LEGENDS, CONTROVERSIES, AND TRIVIA
The symbolism of the crescent on the flag of South Carolina is open to interpretation. Some claim that the crescent is a stylized gorget or criniere, originally a steel or leather collar used in battle to protect a soldier's throat. Others allege that the crescent is an emblem of the South Carolina colony and the city of Charleston because the troops of Charleston used a blue flag with three white crescents some ten years before the American Revolution. If that's the case, though, the origin of the crescent as a symbol of South Carolina and Charleston is still a mystery. Still other historians allege that the crescent may have originated from William Bull's coat of arms.
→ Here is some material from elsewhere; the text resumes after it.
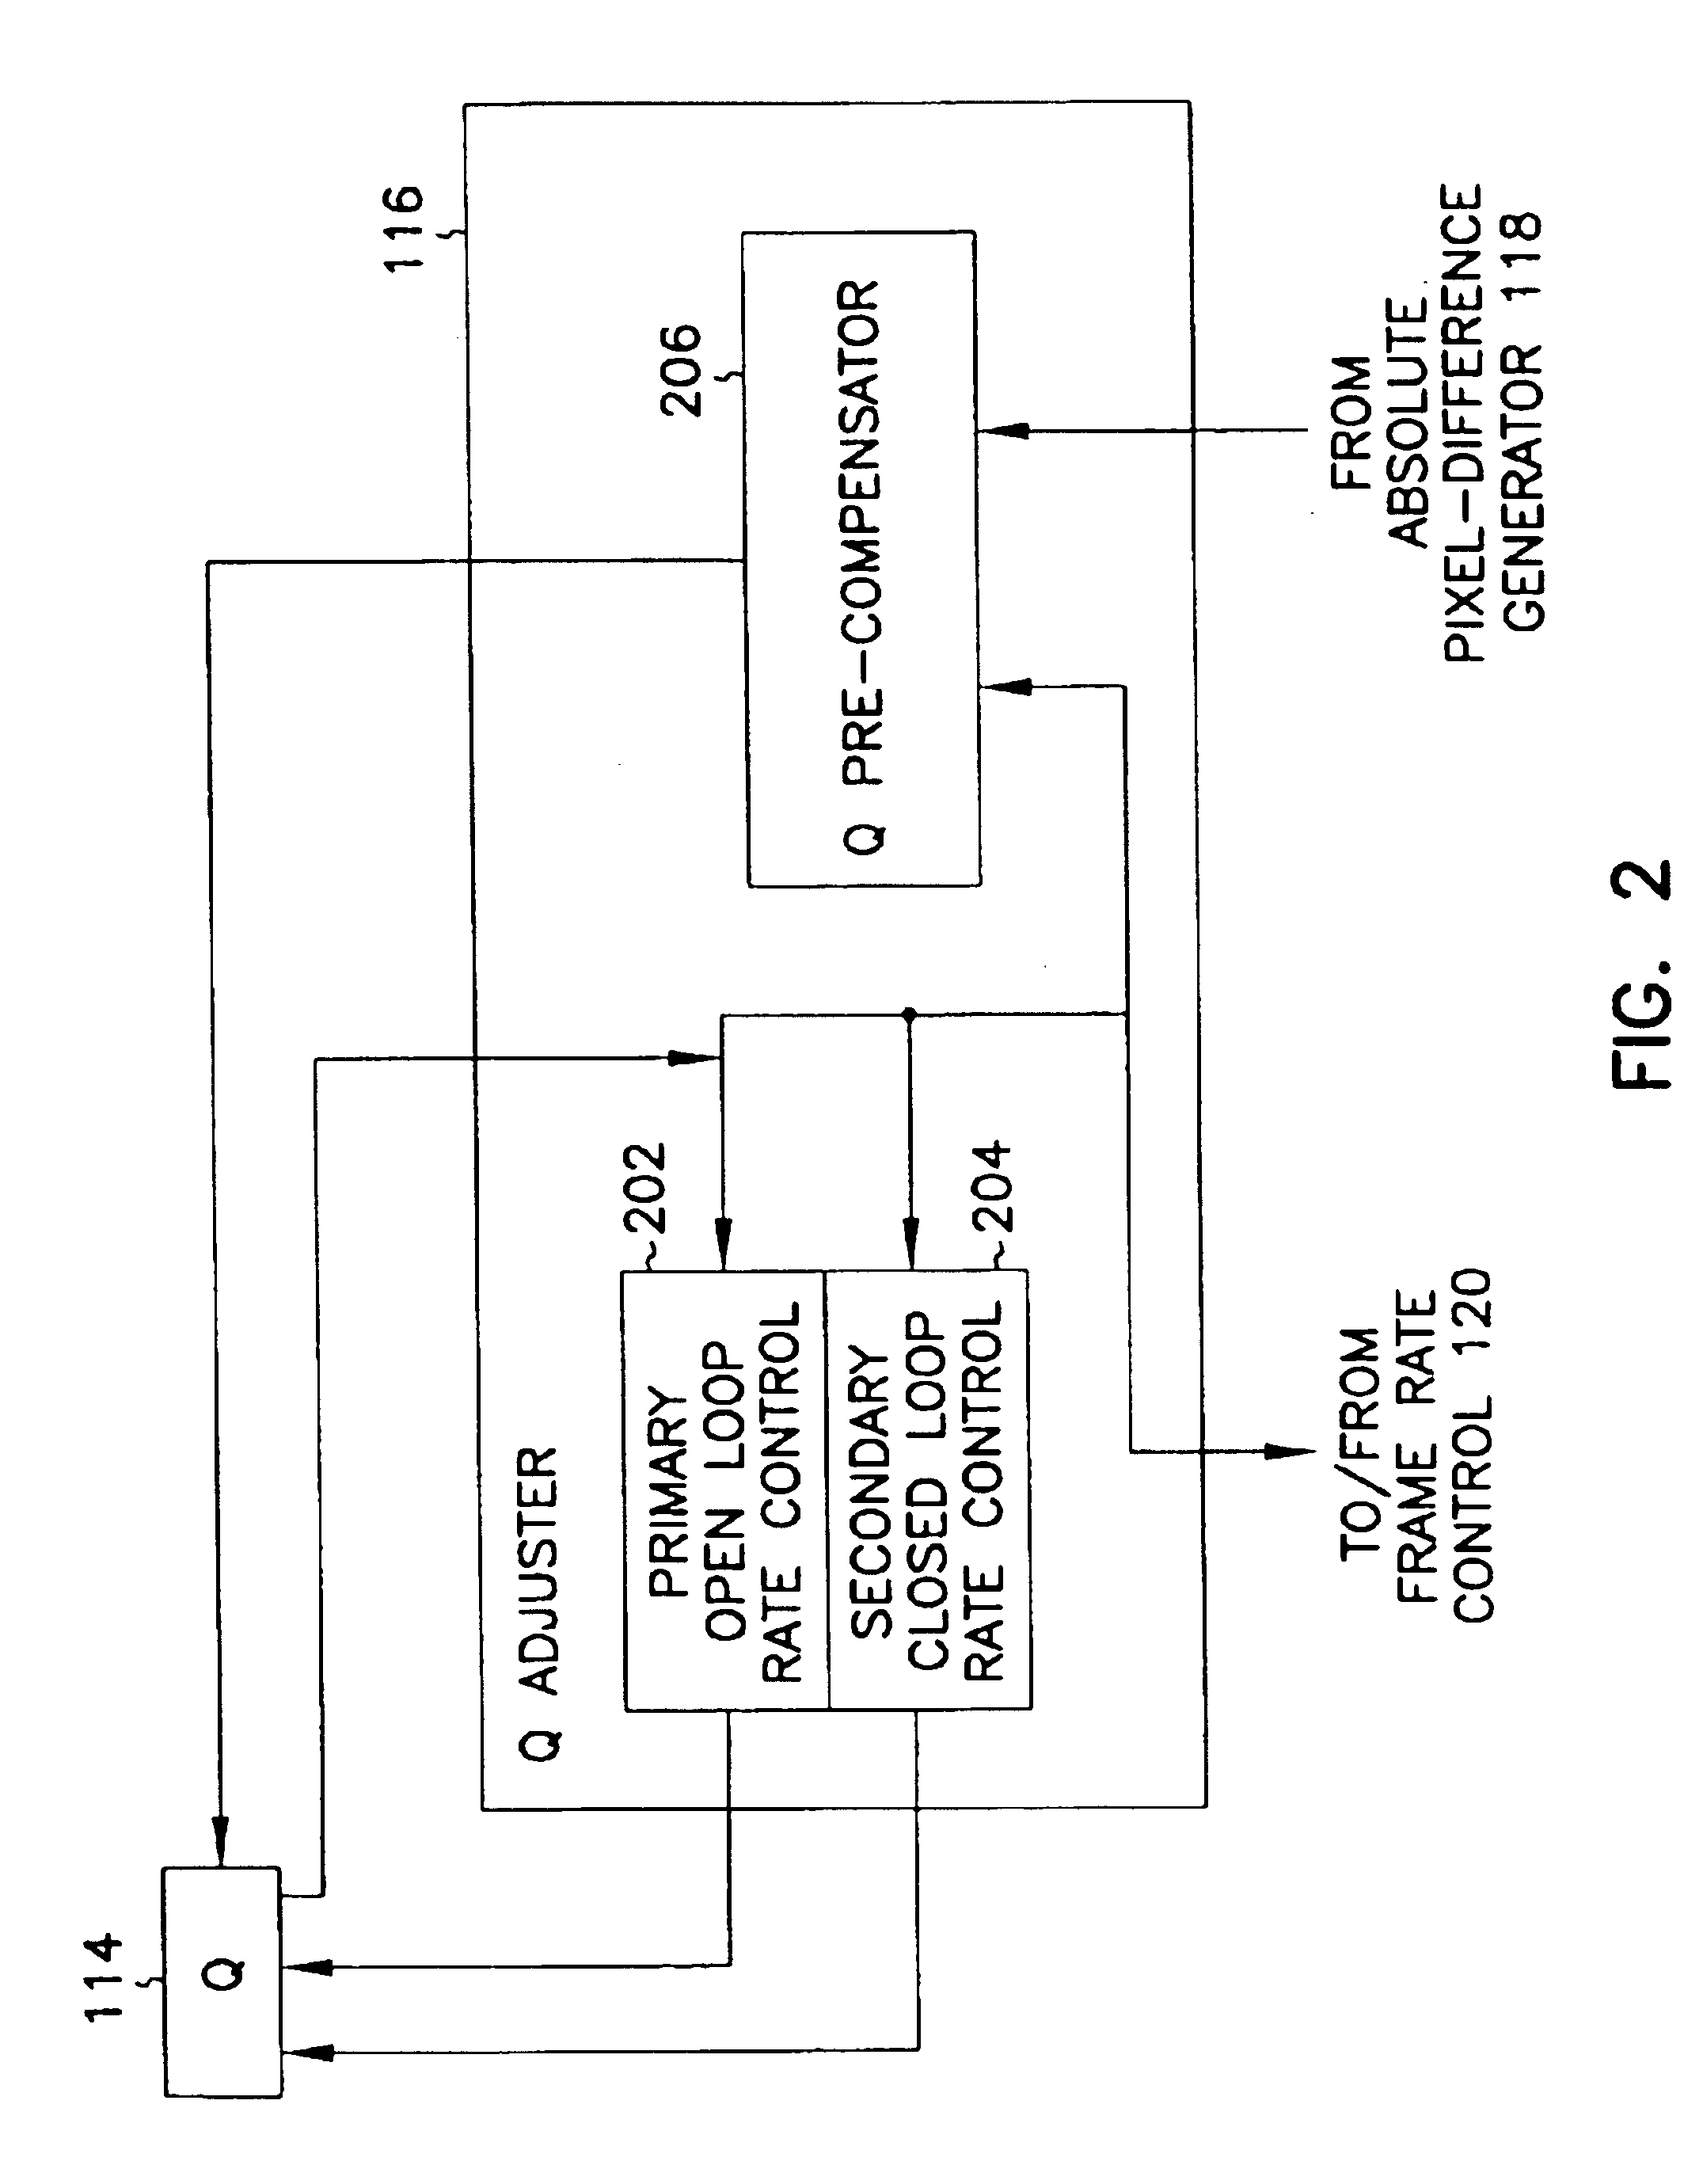 Motion video signal encoder and encoding method

William Bull and a number of his descendents served as colonial governors in the pre-Revolutionary years, and his family was prominent in South Carolina when the war broke out.
The flag's palmetto tree and crescent are so popular as a symbol of the state's longstanding heritage that they are featured on shirts, belts, shoes, wallets, and other accessories throughout South Carolina and even in other southeastern states.
On January 26, 1861, after South Carolina had seceded from the Union, the state legislature approved a blue flag that featured a white crescent at the hoist and a golden palmetto in a white oval at the center. After only two days, on January 28, the color of the palmetto was changed from gold to white, and the flag took on its current design.
The flag has flown unchanged since just after South Carolina's pre-Civil War secession, but in 1899, a resolution to change the flag from blue to the royal purple of Confederate uniforms was proposed and defeated.